This Incredible 90s Capitalism Thriller Now Streaming On Peacock
By Ted Pillow
Before The Wolf of Wall Street, before HBO’s Industry, there was Glengarry Glen Ross.
Possibly the best film about capitalism ever made, Glengarry Glen Ross hauntingly recreates its seismic forces in the interpersonal relationships between lowly salesmen in a dingy real estate office. Each interaction between these sharply drawn characters is a collision of constantly shifting power dynamics as their values rise and fall like so many stocks.

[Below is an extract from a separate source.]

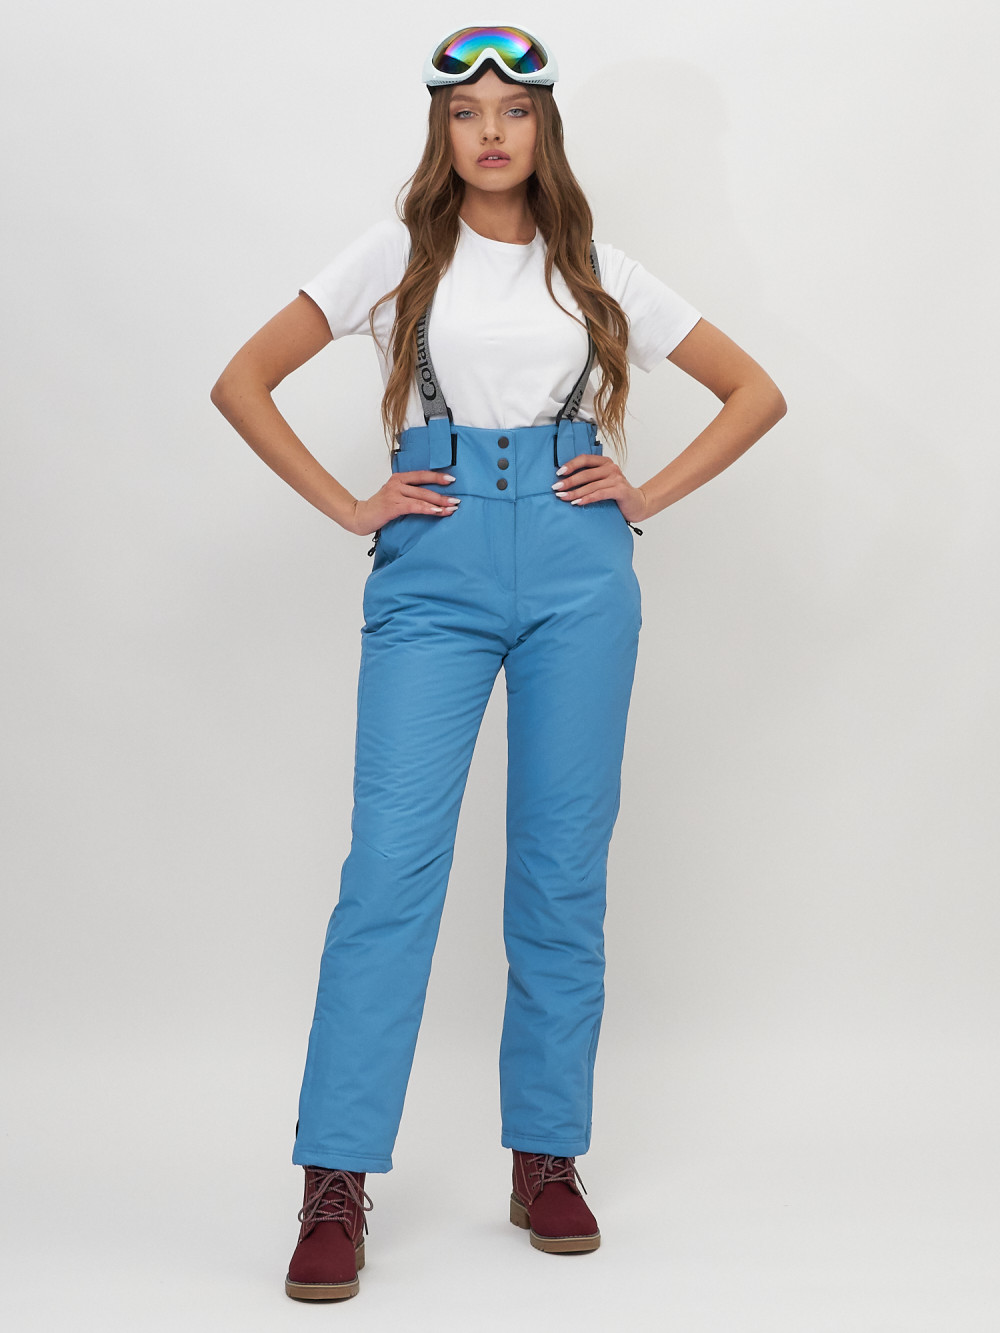 Купить Полукомбинезон брюки горнолыжные женские голубого цвета 66215Gl

Small in scale, the film’s ideas are impressively far-reaching: it captures the desperation that fuels the capitalist spirit, as well as the absurd macho rhetoric. It understands that success is ultimately dependent on someone else’s failure and that the limp-wristed regulation of the law pales in comparison to landing on the wrong side of a deal.
Oh, and did I mention it’s an ensemble piece starring Al Pacino, Ed Harris, Jack Lemmon, Alan Arkin, Alec Baldwin, and Kevin Spacey? Superbly written (adapted by David Mamet from his own play) and about as well acted as any movie ever made (if I had to rank the performances, I’d go Lemmon, Pacino, Harris, Baldwin, Spacey, Arkin).